Here’s a list of some uncommon, fermented foods starting to pop up in our local supermarket. And here’s a website exploring the vast array of fermented foods across the globe.
- Fair warning here: most people say natto is an acquired taste. While rarely eaten in America, it’s a popular food item in Japan. It’s traditionally made by wrapping boiled soybeans in rice straw, which naturally has the “good” bacteria “bacillus subtilis” on its surface.
- But what does this unique fermented food taste like? It’s been described as having a “slimy, sticky, and stringy texture” with a pungent smell and a nutty flavor. In Japan, it’s served over a bed of rice and topped with soy sauce, mustard, chives, and other seasonings.
- You can find a list of natto recipes here.
- Kombucha is growing more popular in the United States. The beverage can now be found on more grocery store shelves. It begins with a base of green and/or black tea. Sugar is then added to the brewed tea and white vinegar or previously made kombucha for an acidic base. Brewing kombucha also requires a SCOBY, short for “symbiotic colony of bacteria and yeast.” And, don’t worry too much about the sugar used for the fermentation process, most of it is burned off by the time the product gets to the shelf, but check the labels to make sure extra sugar wasn’t added at the end process.

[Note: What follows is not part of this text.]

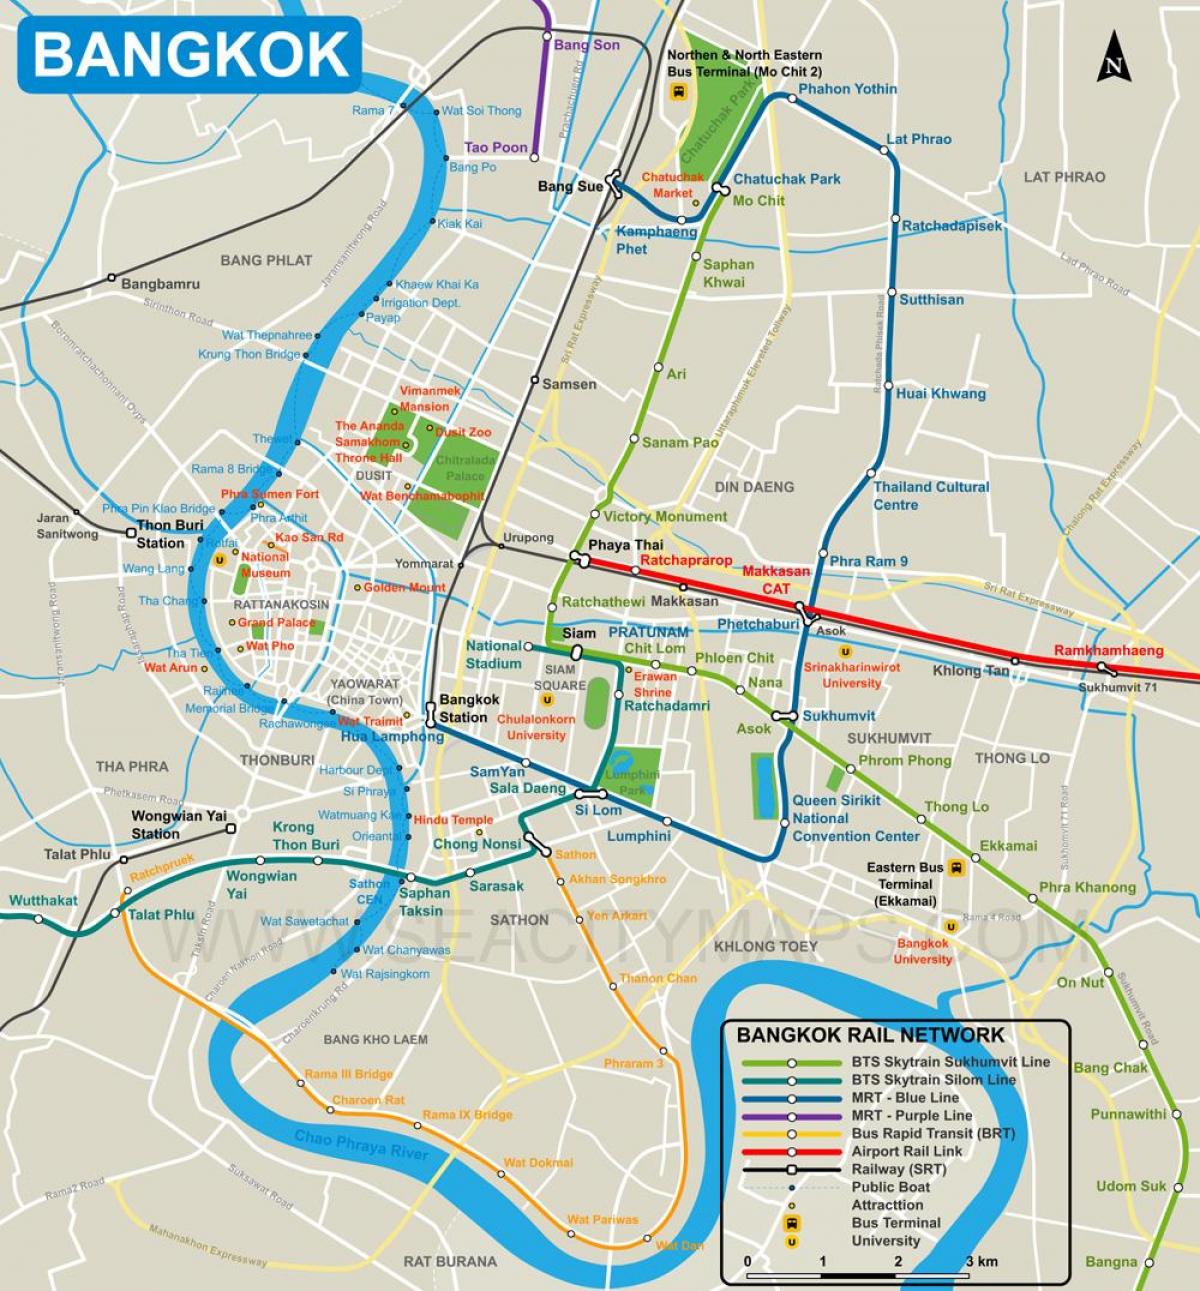 نقشہ کے بینکاک شہر کے مرکز

- Check out how to make kombucha tea at home.
- Another item now regularly found on grocery stores shelves in America. Kefir is teeming with probiotics and good bacteria that can make your gut sing. It’s a drinkable yogurt but tangier and higher in probiotics than what’s traditionally found in supermarkets. It’s fermented by taking kefir cultures and adding them to a milk product, and letting it ferment for a day. Watch for the sugar content in some brands, though.
- How to make homemade Kefir.
- Tempeh is a soy-based product that tends to be popular with vegans and vegetarians because it has vitamin B12. It is also a complete protein, meaning it has all nine essential amino acids needed for healthy bones and bodies.
- Check out this marinated peanut tempeh recipe.
- Korean cooks use kimchi in almost every meal. Kimchi, unlike other fermented foods, can be made in different ways. It usually contains a comb of some type of vegetable (often cabbage) and garlic, ginger, chilies, and/or fish sauce.
- The most famous dish is known as Kimchi Jjigae (or Spicy Kimchi Stew). Recipe here.
The Bottom Line
From ancient times, fermentation plays a crucial role in our food system and gut health. It can improve everything from our digestion system to our body’s ability to absorb nutrients. Since fermented foods increase the healthy bacteria and probiotics in our gut, researchers find that eating these types of food can help with weight loss, autoimmune diseases, and even Alzheimer’s disease.